In this country, all you need do if you wish to vilify something is stick the word “big” in front of it. Big, we’ve been led to believe, is bad. Whether it’s corporations, oil, government or business, I’d say that even children – so long, I suppose, as they’re not big children – get the message that booing and hissing are in order.

It’s just one more bandwagon I refuse to jump aboard. It so happens that some big things are better than some small things. On the other hand, some things that are huge are never even called big. Mainly, I believe, that’s because most of the labeling in America is done by the left-wing media. So it is that lobbies for the defense attorneys, the teachers union and AARP, for instance, which are very well-funded and extremely powerful, never find themselves described as big.

But of all the entities saddled with that epithet, no group is as universally despised as the pharmaceutical industry. I think all rational people would agree that al-Qaida gets better press than these guys. In Hollywood, manufacturing and selling legal drugs is regarded as far worse than dealing illegal ones. But if you disagree, off the top of my head I can name three movies in which the arch villains were people involved in manufacturing prescription meds. During the same period, until “United 93” came along, I don’t recall any movies in which Islamic terrorists were depicted in all their gory glory. The three movies I have in mind were the exciting “The Fugitive,” the brain-numbing “The Constant Gardener,” and a two-hour “Diagnosis Murder” called “Without Warning,” which I must confess I wrote.

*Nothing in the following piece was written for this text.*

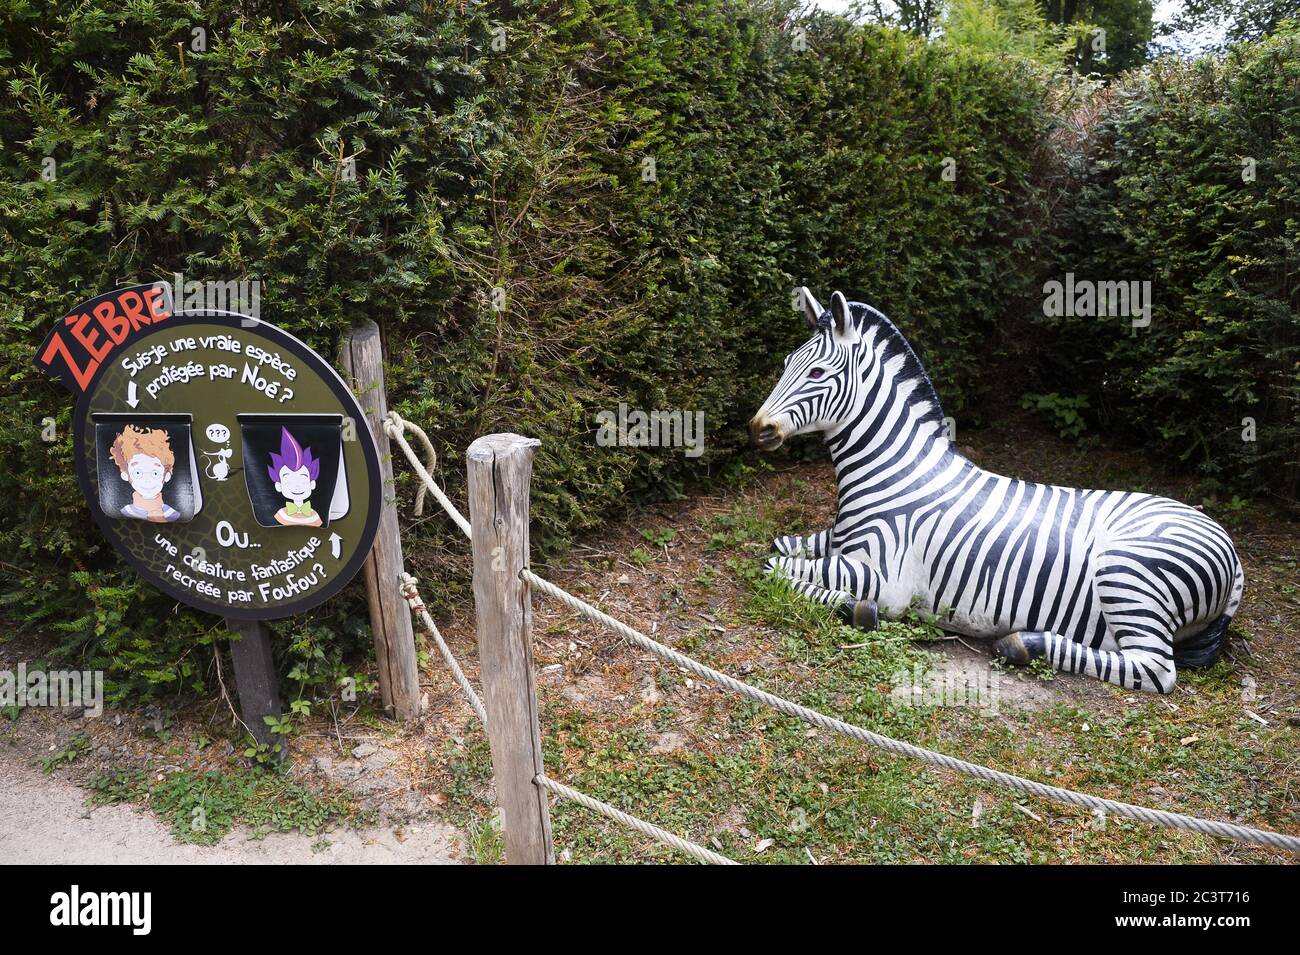 Thoiry Animals Zoo Park - Yvelines - France Stock Photo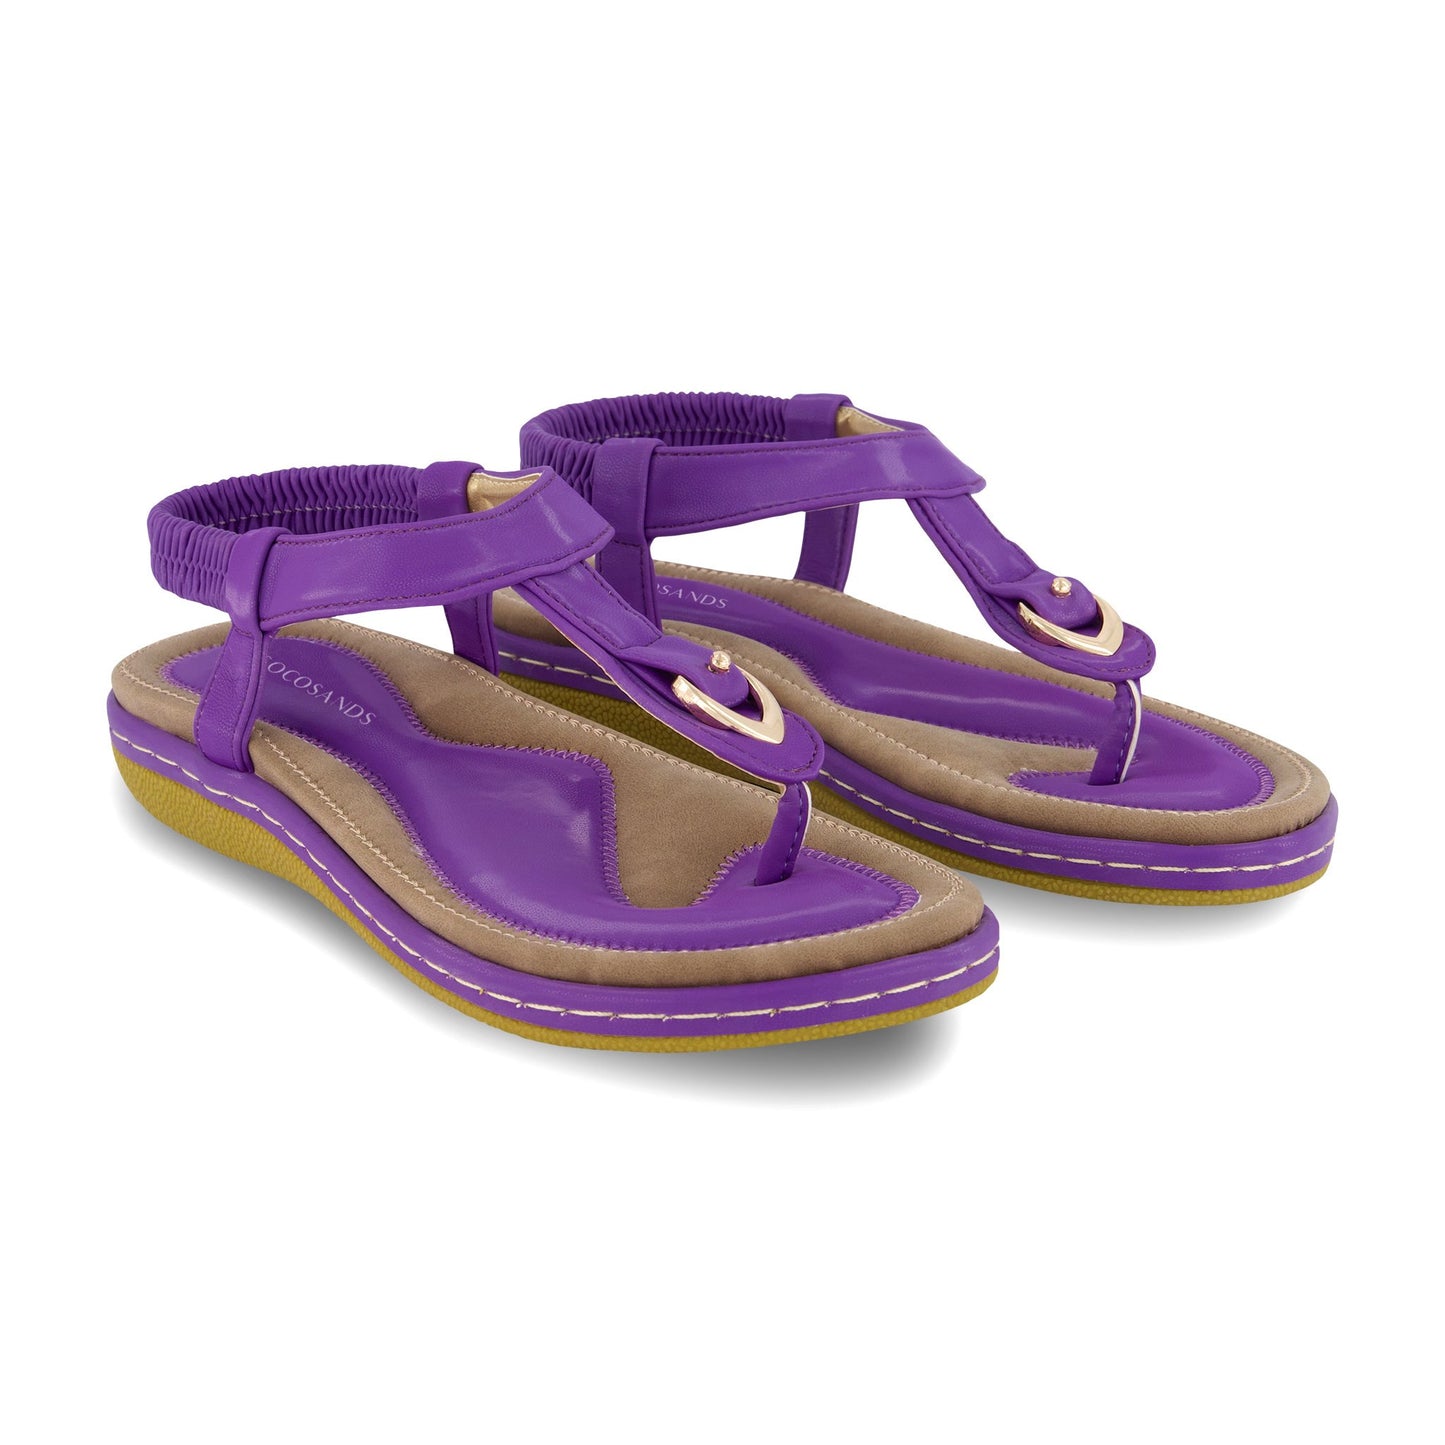 Cethrio Womens Summer Flats Sandals- Flat Beach Roman Flip Flops on  Clearance Wide Width Purple Dressy Sandals/ Slides Size 9

In my own defense, I will only state two facts. One, I was on staff, and the storyline, which dealt with the testing of a life-saving drug in a Latin American country, was not one I would have chosen. And, two, I saved what I regarded as the best speech for the beleaguered owner of the company. Although I naturally had to give Dr. Sloan (aka Dick Van Dyke) the last, self-righteous word in the scene, I allowed the executive to point out that while everybody is opposed to new drugs being tested on convicts, citizens of the Third World, and even on animals, they simultaneously demand immediate cures for everything from AIDS to Alzheimer’s.

The truth is all of us expect the pharmaceutical outfits to come up with one miracle after another, no matter how much time and money the companies have to expend. On top of that, once a discovery has been made, patents have the shelf life of cottage cheese, and it’s only a short while before all the competitors get to put out their generic knock-offs. And as if all that weren’t enough, the FDA can take several years before allowing a new product to be marketed or even deciding it won’t be marketed.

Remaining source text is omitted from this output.